Convolutional Neural Networks (CNNs)

Yann LeCun, director of Facebook’s AI Research Group, is the pioneer of convolutional neural networks. He built the first convolutional neural network called LeNet in 1988. LeNet was used for character recognition tasks like reading zip codes and digits.

 

In 2012, computer vision took a quantum leap when a group of researchers from the University of Toronto developed an AI model that surpassed the best image recognition algorithms by a large margin.

 

The AI system, which became known as AlexNet (named after its main creator, Alex Krizhevsky), won the 2012 ImageNet computer vision contest with an 85 percent accuracy.

 

At the heart of AlexNet was a Convolutional Neural Network (CNN) that roughly imitates human vision. Over the years CNNs have become a very important part of many computer vision applications.

 

Imagine there’s an image of a bird, and you want to identify whether it’s really a bird or some other object. The first thing you do is feed the pixels of the image in the form of an array (collection of numbers that represent the pixel values of the image) to the input layer of the neural network. The hidden layers carry out feature extraction by performing different calculations and manipulations. There are multiple hidden layers (the convolution layer, the ReLU layer, and pooling layer) that perform feature extraction from the image. Finally, there’s a fully connected layer that classifies/identifies the object in the image.

 

Source: Simplilearn.com

 

A convolutional neural network is a feed-forward neural network that is generally used to analyze visual images by processing data with grid-like topology. It’s also known as a ConvNet.

 

CNNs use a special technique called Convolution, a mathematical operation that produces a numerical output that expresses how the shape of one is modified by the other. The role of the CNN is to reduce the images into a form that is easier to process, without losing features that are critical for obtaining a good prediction.

 

In a CNN, every image is represented in the form of an array of pixel values. For example, in a black-and-white image, each pixel of the image is represented by a number ranging from 0 to 255. Most images today use 24-bit color or higher. An RGB color image means the color in a pixel is a combination of Red, Green, and Blue, each of the colors ranging from 0 to 255.

 

Simplified illustrative example of encoding the pixels of an image to numerical values:

 

 

To detect images, the CNN will first work to identify edges and shapes using a filter (i.e., kernel), which is simply a 3×3 matrix that is initialized with preset values which will be multiplied by the numerical values of each pixel within the encoded image to obtain the convolved feature. Note: the size of the filter matrix can be adjusted in different models. As the image is passed through the network, it will be applied (multiplied) to more complex filters.

 

This approach abstracts the numerical values of each pixel image and heightens (via multiplication) the feature that the filter is looking for. Many filters exist within the network, with each maintaining different numerical values in their matrices to identify different elements within the image. In the example below, the filter (Kernel) is seeking “X” related features of an image as identified by the 1s in the filter matrix:

 

 

Grayscale image | Computer vision | CNN

 

 

The 3×3 filter moves across the image from left to right and top to bottom, and the product is summed to create a new array, or the convolved feature (feature map), which contributes to the input of the next layer in the network. This process continues until the convolution operation is complete.

 

 

After scanning through the original image, each feature produces a filtered image with high scores and low scores. The filters are the weights and biases. If there is a perfect match, there is a high score in that square.
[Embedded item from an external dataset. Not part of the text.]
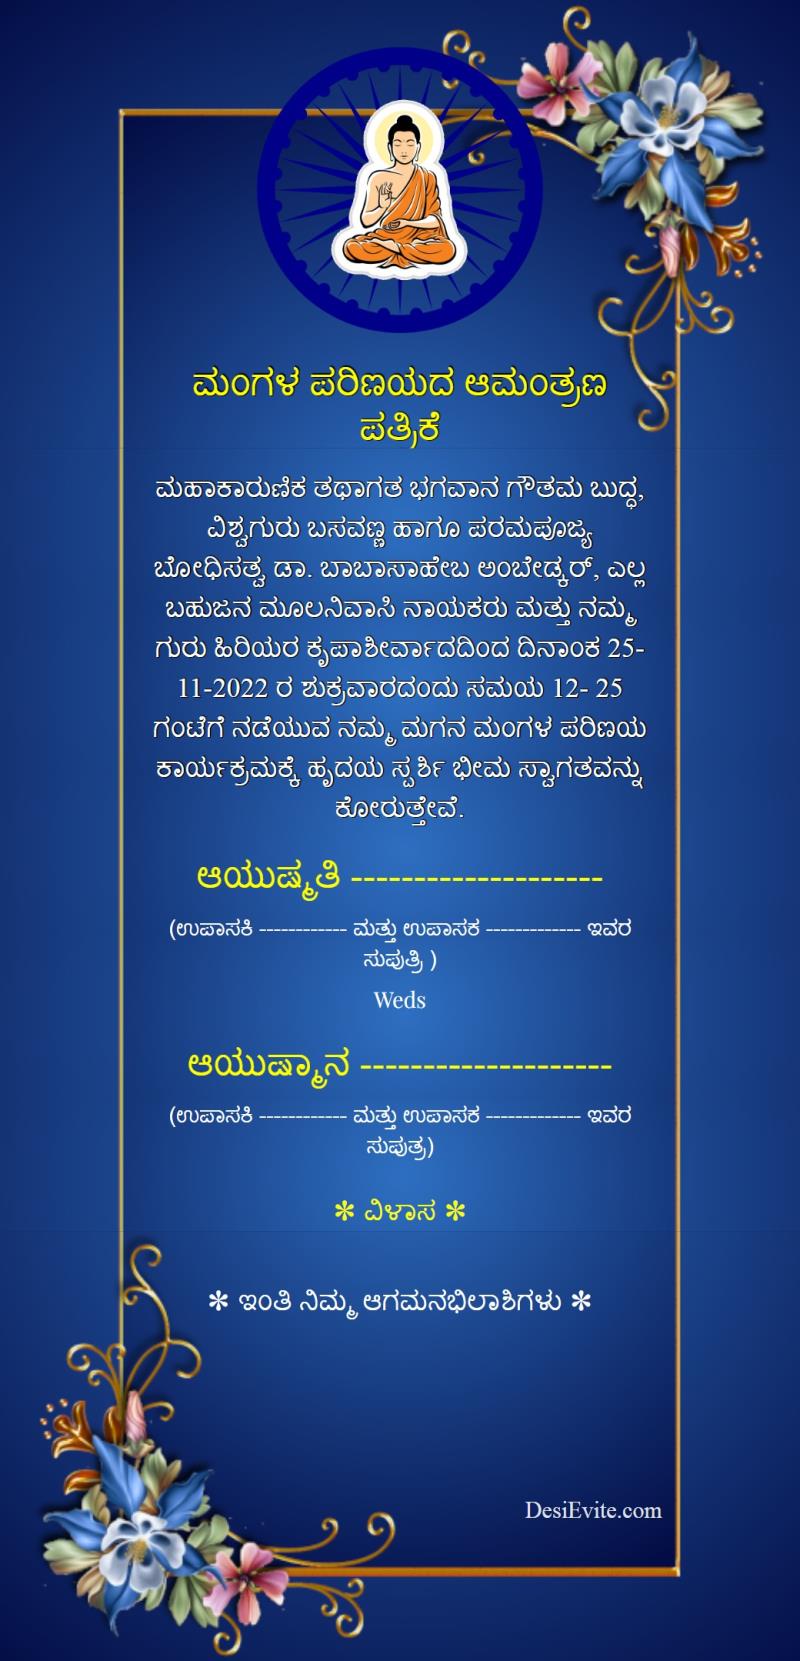 Kannada buddhist wedding invitation card template 107 85

If there is a low match or no match, the score is low or zero.

 

 

More filters mean more features that the model can extract However, more features mean longer training time; one is advised to use the minimum number of filters to extract the features.

 

Hyperparameters can be used to adjust the model including:

  • Padding: Adjusting the original image with zeros to fit the feature, or dropping the part of the original image that does not fit and keeping the valid part.
 
  • Stride: Adjusting the number of pixels by which the filter shifts over the input matrix. When the stride is 1, the filters shift 1 pixel at a time.
 

An RGB image is similar but its pixels consist of three planes (Red (R), Green (G), Blue (B)):

 

RGB image | Computer vision | CNN

 

A convolution neural network has multiple hidden layers that help in extracting information from an image. The four important layers in CNN are:

  1. Convolution layer
  2. ReLU layer
  3. Pooling layer
  4. Fully connected layer
 

Convolution Layer

As illustrated earlier, this is the first step in the process of extracting valuable features from an image. A convolution layer has several filters that perform the convolution operation. Every image is considered as a matrix of pixel values. The first layer usually extracts basic features such as horizontal or diagonal edges.

 

ReLu Layer (Activation)

In order to keep the ouputs of the matrix calculations within a specified range, a rectified linear unit (ReLU) activation function is calculated. Once the feature maps are calculated, the next step is to move them to a ReLU layer. ReLU sets all the negative pixels in the convolved matrix to 0. It introduces non-linearity to the network, and the generated output is a rectified feature map. Below is the graph of a ReLU function:

 

 

One can see by applying the ReLU formula to remove non-zero numbers, more detail is added to the image:

 

Source: Simplilearn

 

As mentioned above, the image is processed with multiple convolutions (filters) and ReLU layers for locating more complex features such as corners or combinational edges. As the image moves deeper into the network, each ouput from one layer serves as the input to the next layer enabling the network to identify more complex features such as objects, faces, etc.

 

Pooling Layer

Pooling is a down-sampling operation that reduces the dimensionality of the feature map and takes the max value of the section within the array to generate a pooled 2×2 feature map. Pooling acts on all the neurons of the feature map.

 

 

The pooling layer uses various filters to identify different parts of the image like edges, corners, body, feathers, eyes, and beak. By reducing the dimensions, it decreases the computational power required to process the data. 

 

 

The convolution, ReLU and pooling actions are executed numerous times to extract all the features of an image before it is passed to the fully connected layer.

 

Fully Connected Layer

The fully connected layer connects every neuron in one layer to another layer. It begins the process of inputting the features of the image into the neural network for image classification.

 

 

Flattening is used to convert all the resultant 2-dimensional arrays (filters) from pooled feature maps into a single long continuous linear vector.

 

 

The flattened matrix is fed as input to the fully connected layer to classify the image.

 

 

 

The values of the activation map of the final convolution layer is inputted into the fully connected layer to classify the image. Through its own set of weights and biases, the classification layer outputs a set of confidence scores (values between 0 and 1) in the form of a one-dimensional matrix that specifies how likely the image is to belong to a “class.” For instance, in a ConvNet that detects cats, dogs, and horses, the output of the final layer will output the probability that the input image contains any of those animals. CNN training and model refinement is performed using a loss function calculation and backpropagation to refine the model weights.

 

Despite the power and resource complexity of CNNs, they provide in-depth results. At the root of it all, it is just recognizing patterns and details that are so minute and inconspicuous that it goes unnoticed to the human eye. But when it comes to understanding the contents of an image it fails.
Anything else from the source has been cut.